Source data:

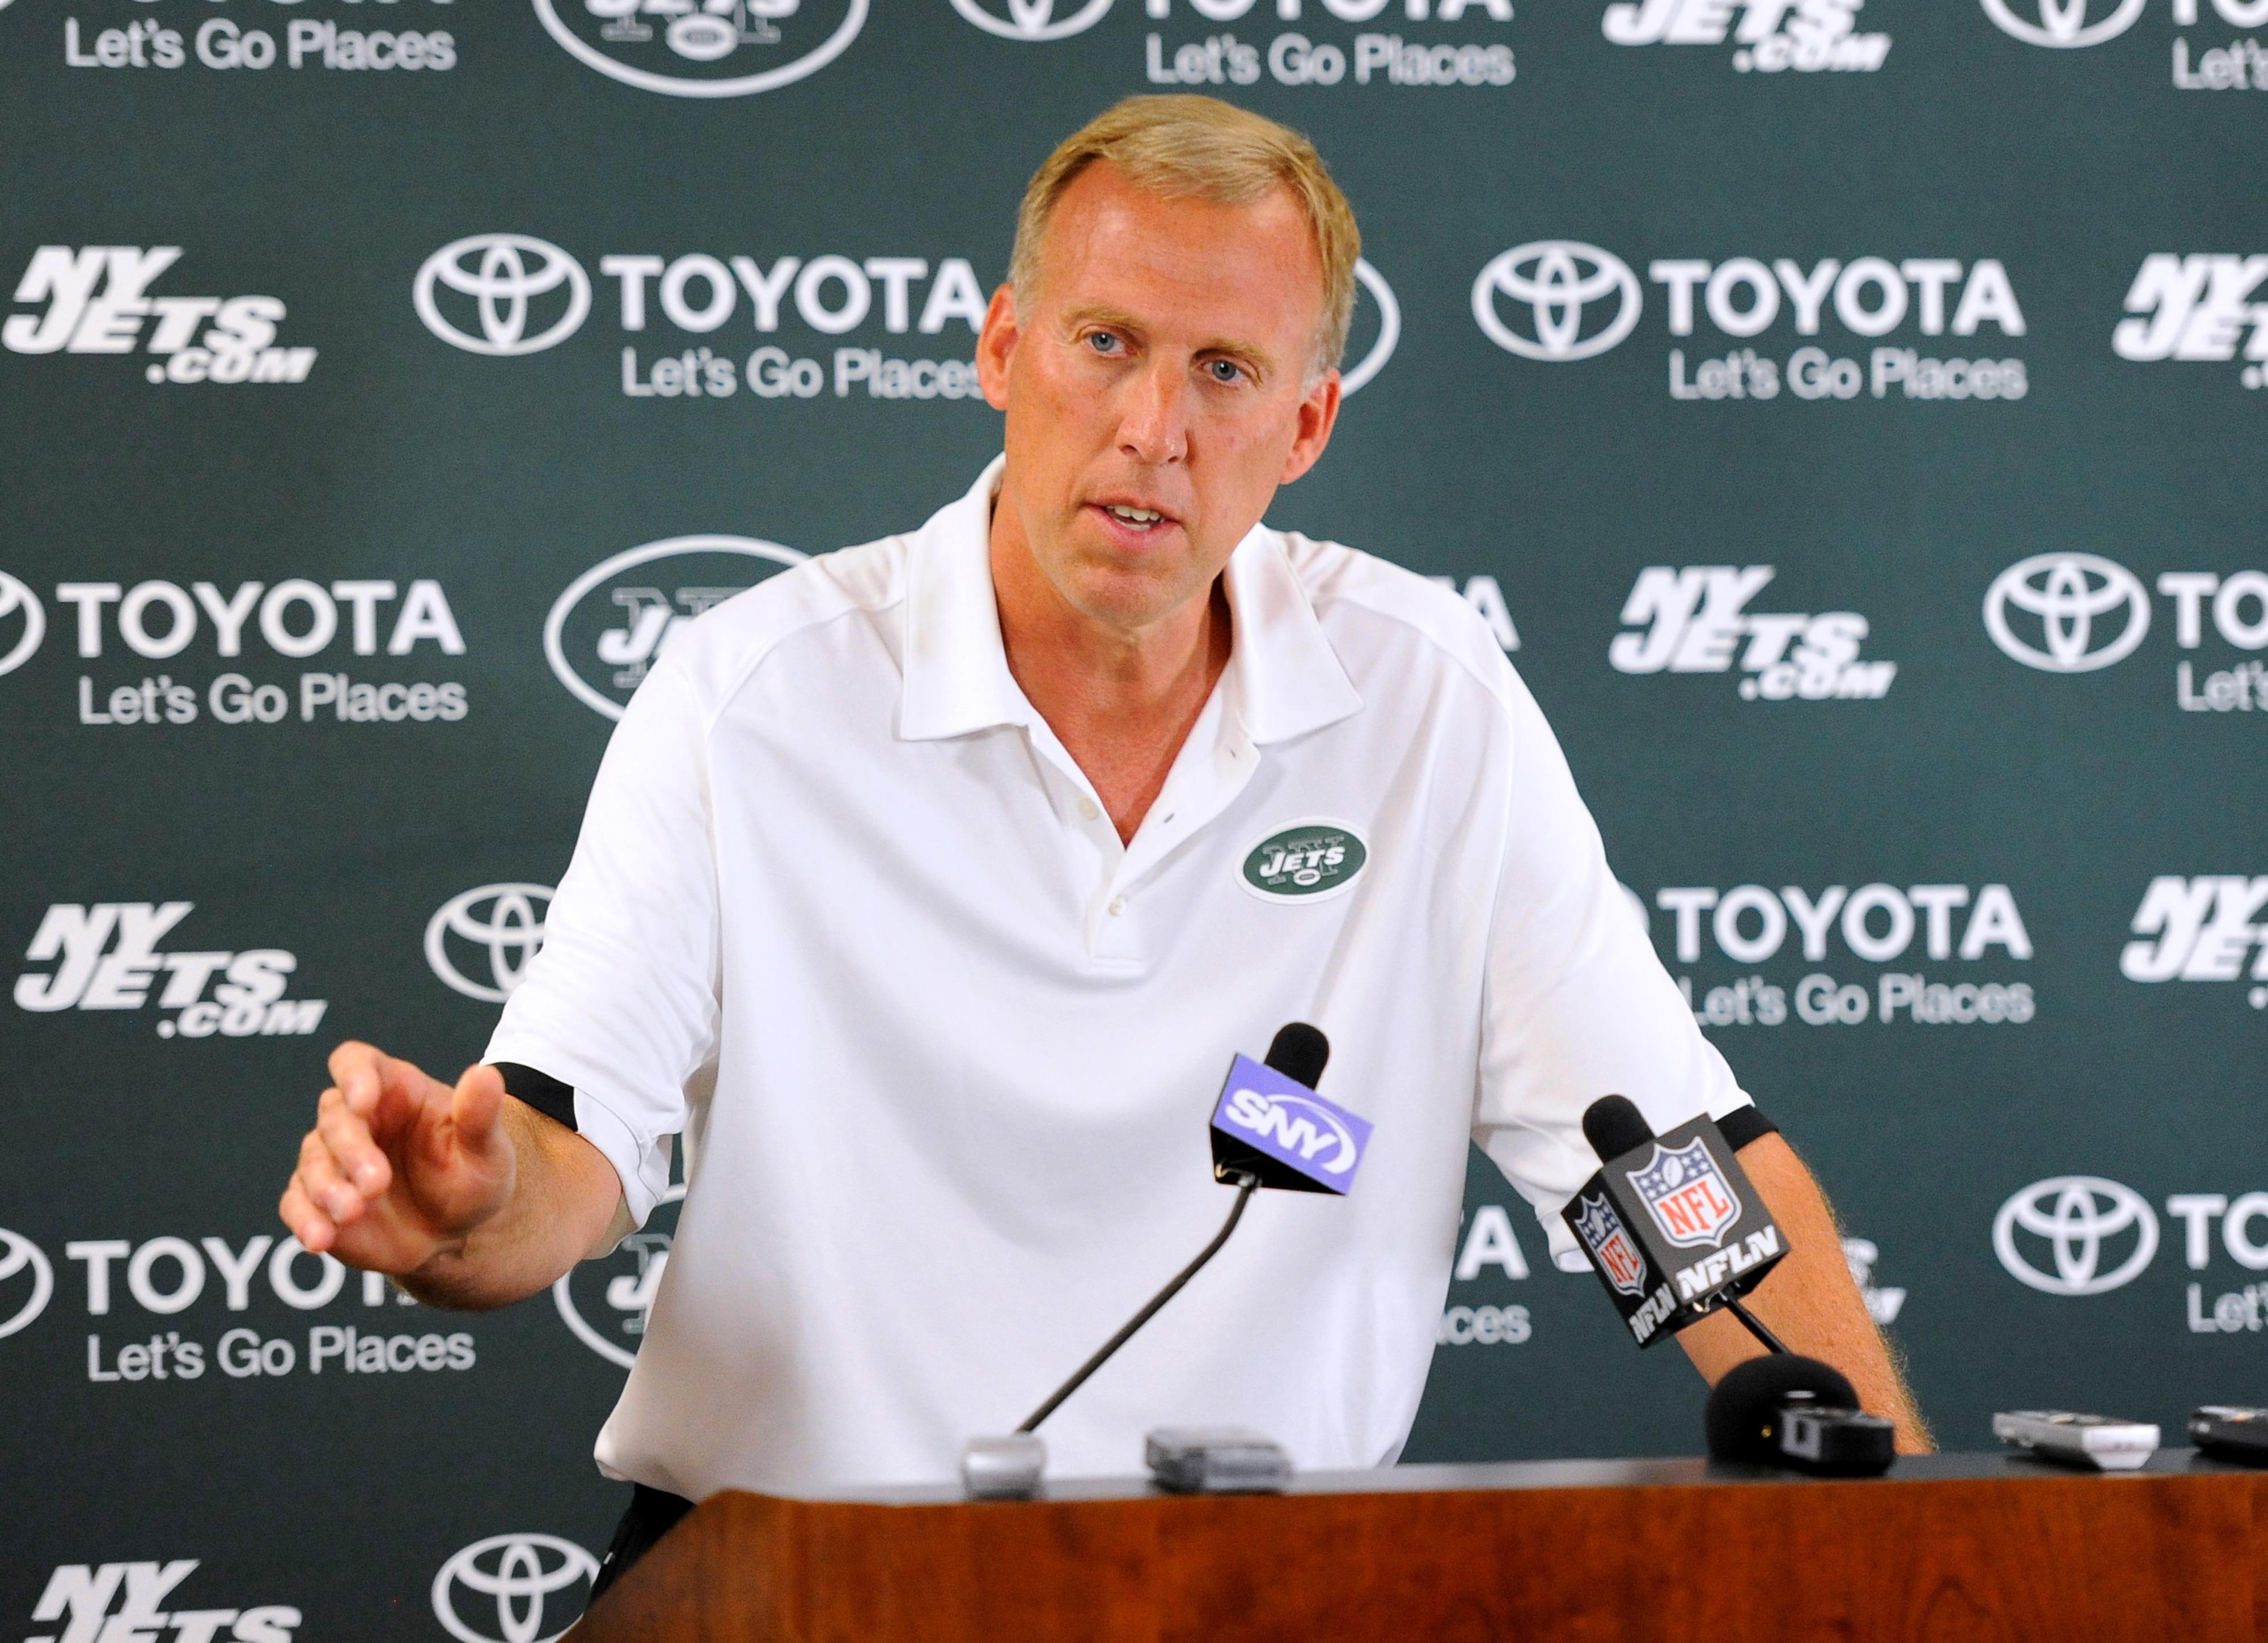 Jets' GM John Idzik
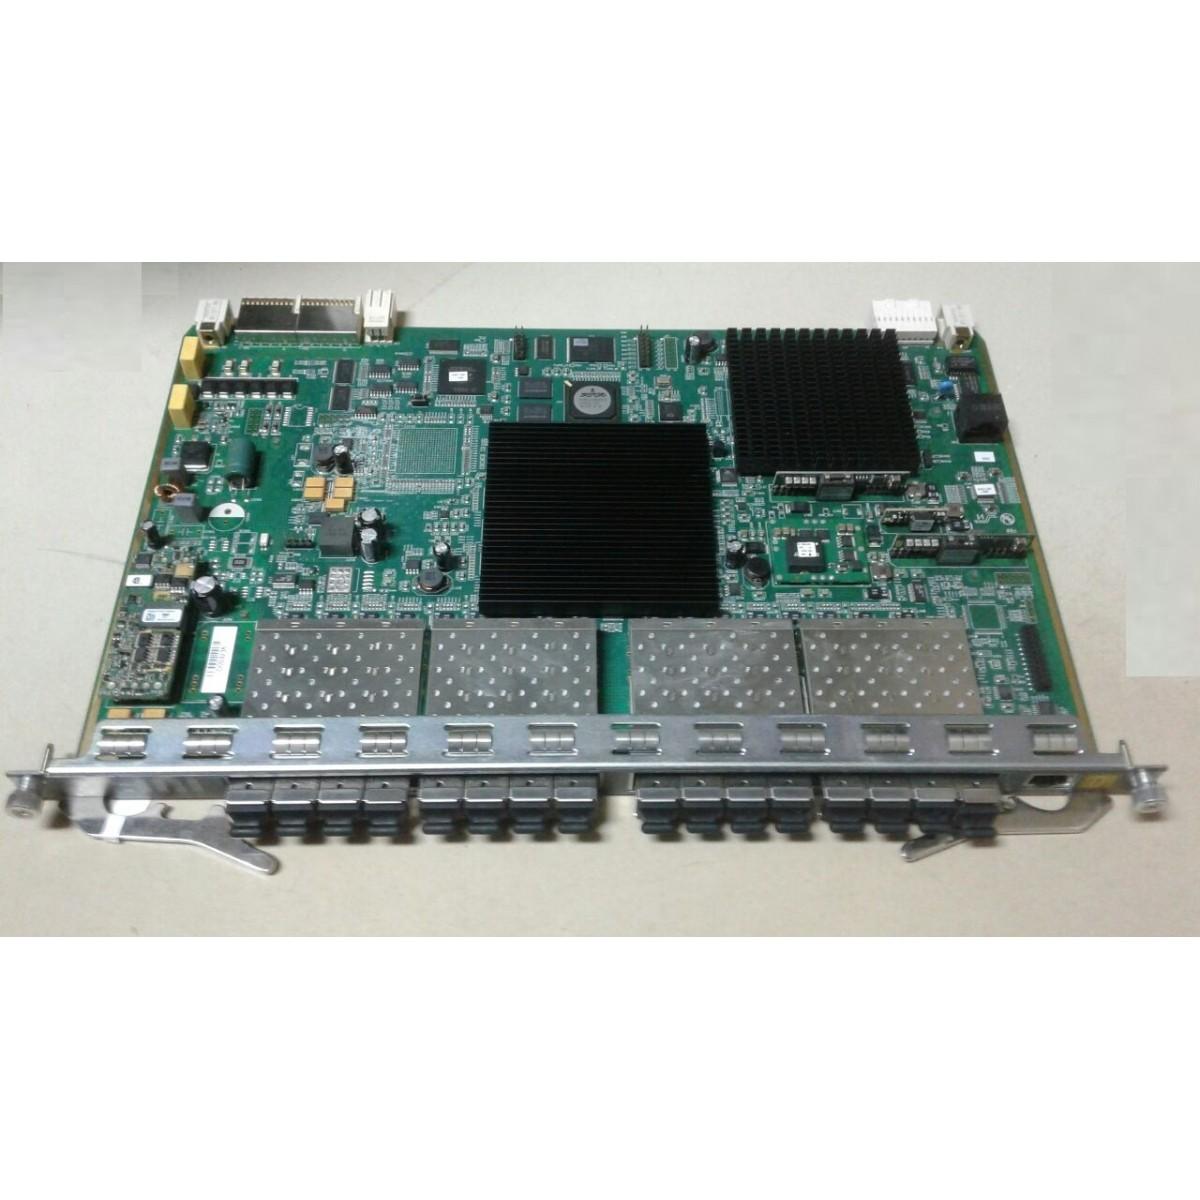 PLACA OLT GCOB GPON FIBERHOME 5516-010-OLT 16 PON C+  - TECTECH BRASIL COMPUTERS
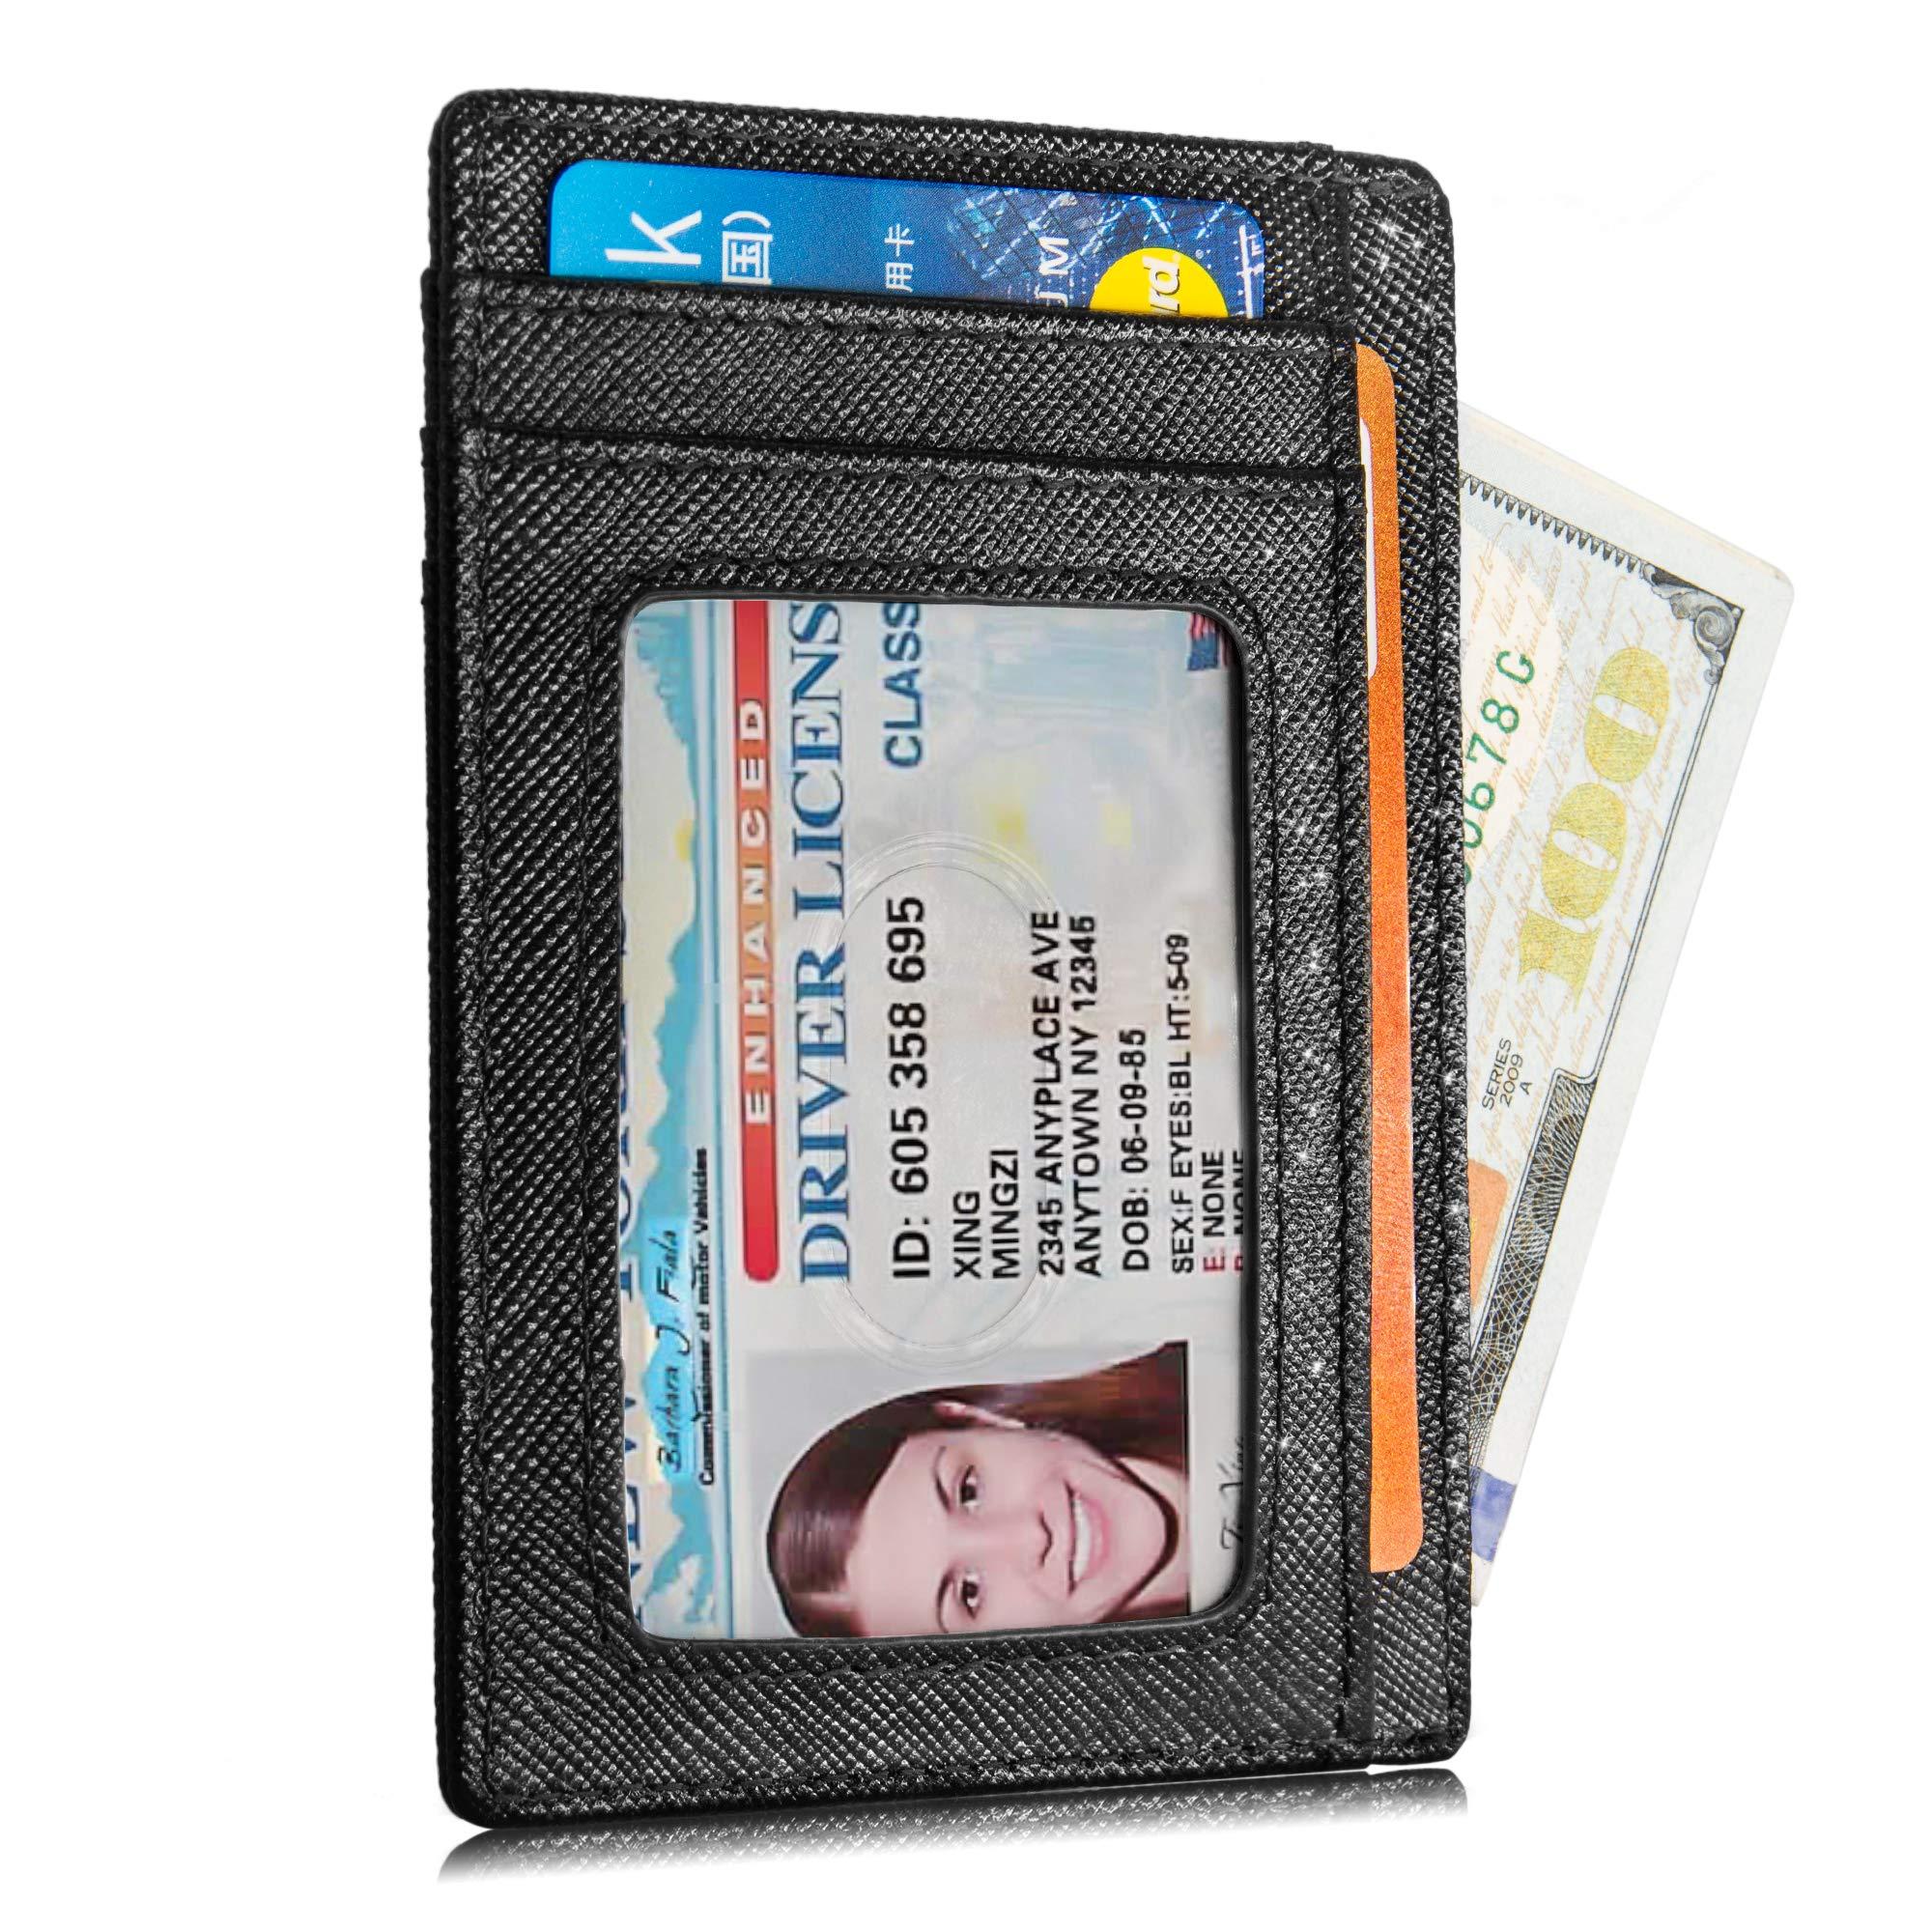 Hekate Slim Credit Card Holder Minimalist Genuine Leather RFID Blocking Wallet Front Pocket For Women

What is being asked:
Exactly the lines from the one containing "PLACA OLT GCOB" through the last line of the data above should be output, both ends included, with every picture left out.

Answer:
 PLACA OLT GCOB GPON FIBERHOME 5516-010-OLT 16 PON C+  - TECTECH BRASIL COMPUTERS
 Hekate Slim Credit Card Holder Minimalist Genuine Leather RFID Blocking Wallet Front Pocket For Women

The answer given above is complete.